Monday, Jun. 19, 1950

Jumpin' Opera

When Berlin-born Composer Lukas Foss first came to the U.S. 13 years ago, he used to worry about the European flavor of his music. Once he even went so far as to say: "I want to be considered an American composer ... one of the boys." At 27, blue-eyed Wunderkind Foss takes a little easier view of the matter. "Now," says he, "I set a Sandburg poem to music or a story by Mark Twain without thinking of being an American or not."

The Sandburg poem, Prairie, was the inspiration for a cantata by Foss which won him a citation from the New York Music Critics Circle in 1944. The Mark Twain story, The Celebrated Jumping Frog of Calaveras County, became the basis for a one-act opera which was produced last week by Manhattan's new After Dinner Opera Co. It was just about the livest and jumpin'est opera yet turned out by a young composer in the U.S.

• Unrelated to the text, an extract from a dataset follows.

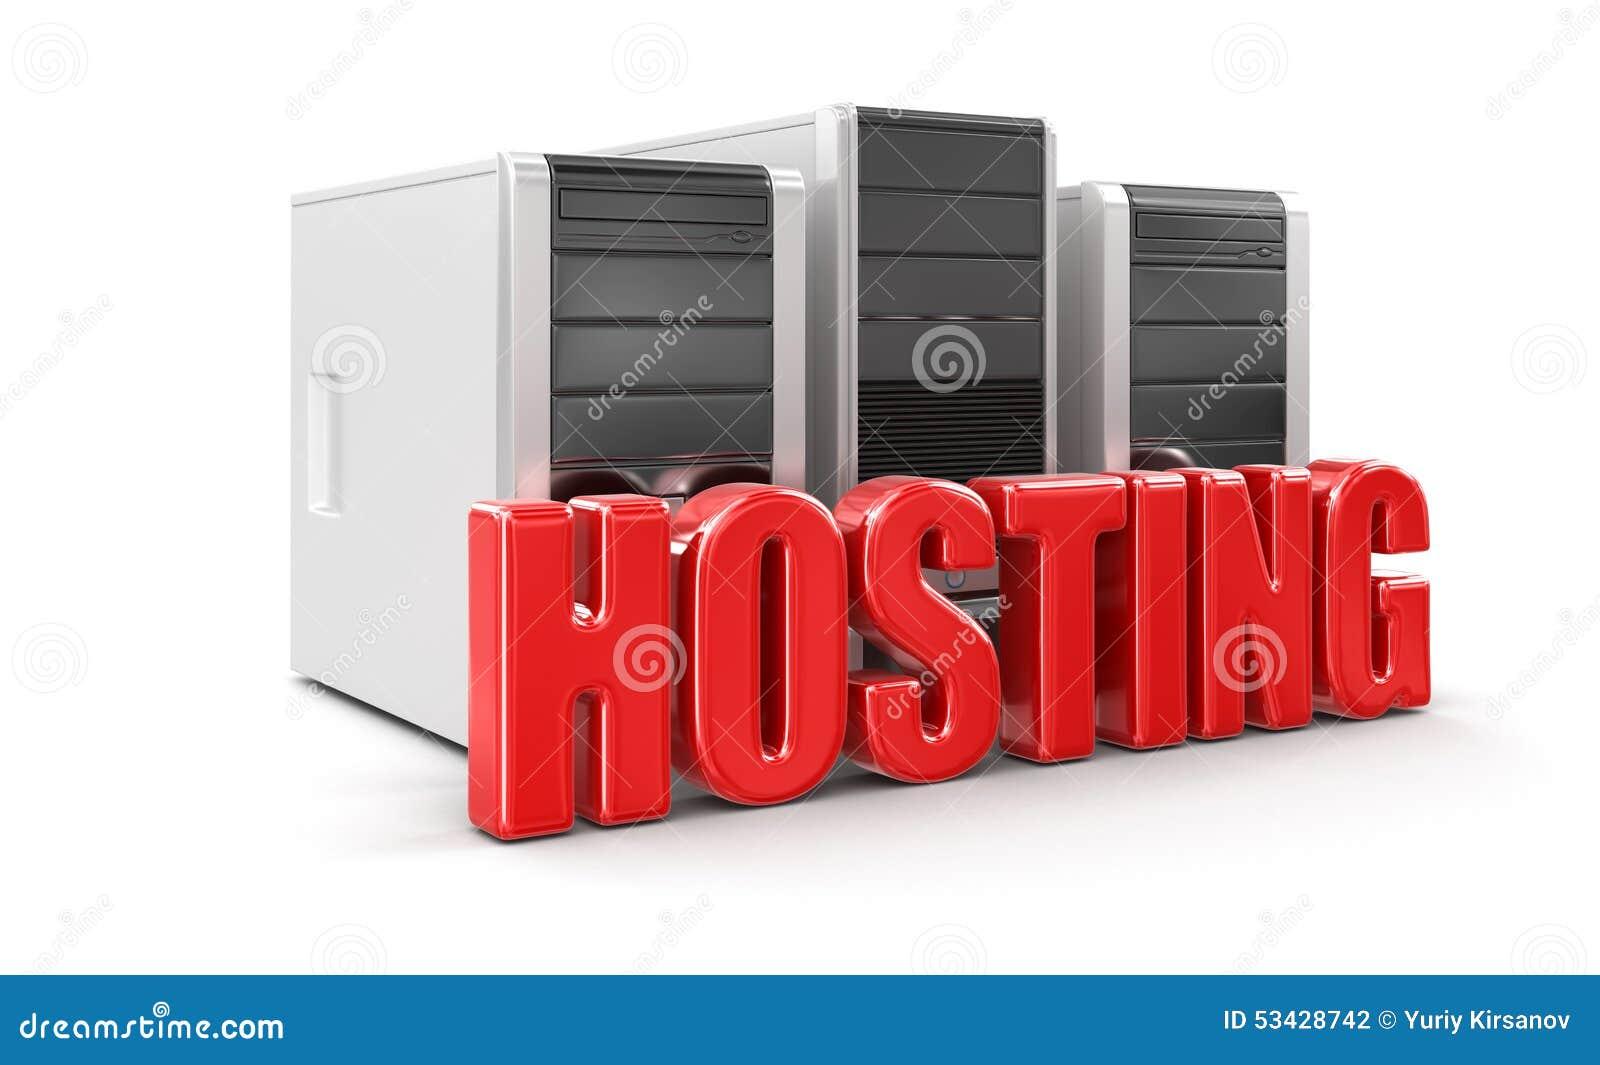 Компьютеры хостинг виртуальный хостинг аренда

Composer Foss hoped his opera had "the air of Mozartean opera buffa." Bright, inventive and folk-tuny, his score had a good deal of the air of Calaveras County as well as a Mozartean pace.

In Jean (The Duenna) Karsavina's libretto, the mustachioed gambler challenges champion frog Dan'l Webster's owner Smiley, then feeds Dan'l up on quail shot while the boys are outside laying their bets for the easy money. Before the contest comes off, the gambler strolls off for a mustache-twirling romance--which provides Composer Foss with an opportunity for some witty, satirical mustache-twirling music. Dan'l loses the contest, but the villain's villainies are found out, and he is brought to frontier justice.

With The Frog safely on its way (it gets another production at the Berkshire Music Festival next month), young Lukas Foss was already looking for a new libretto, "a longer and more serious one--but that doesn't mean everybody has to die at the end." He would have plenty of time to find one and work on it. He has resigned his post as pianist of the Boston Symphony Orchestra to spend next season in Italy as a winner of the American Academy in Rome's Prix de Rome.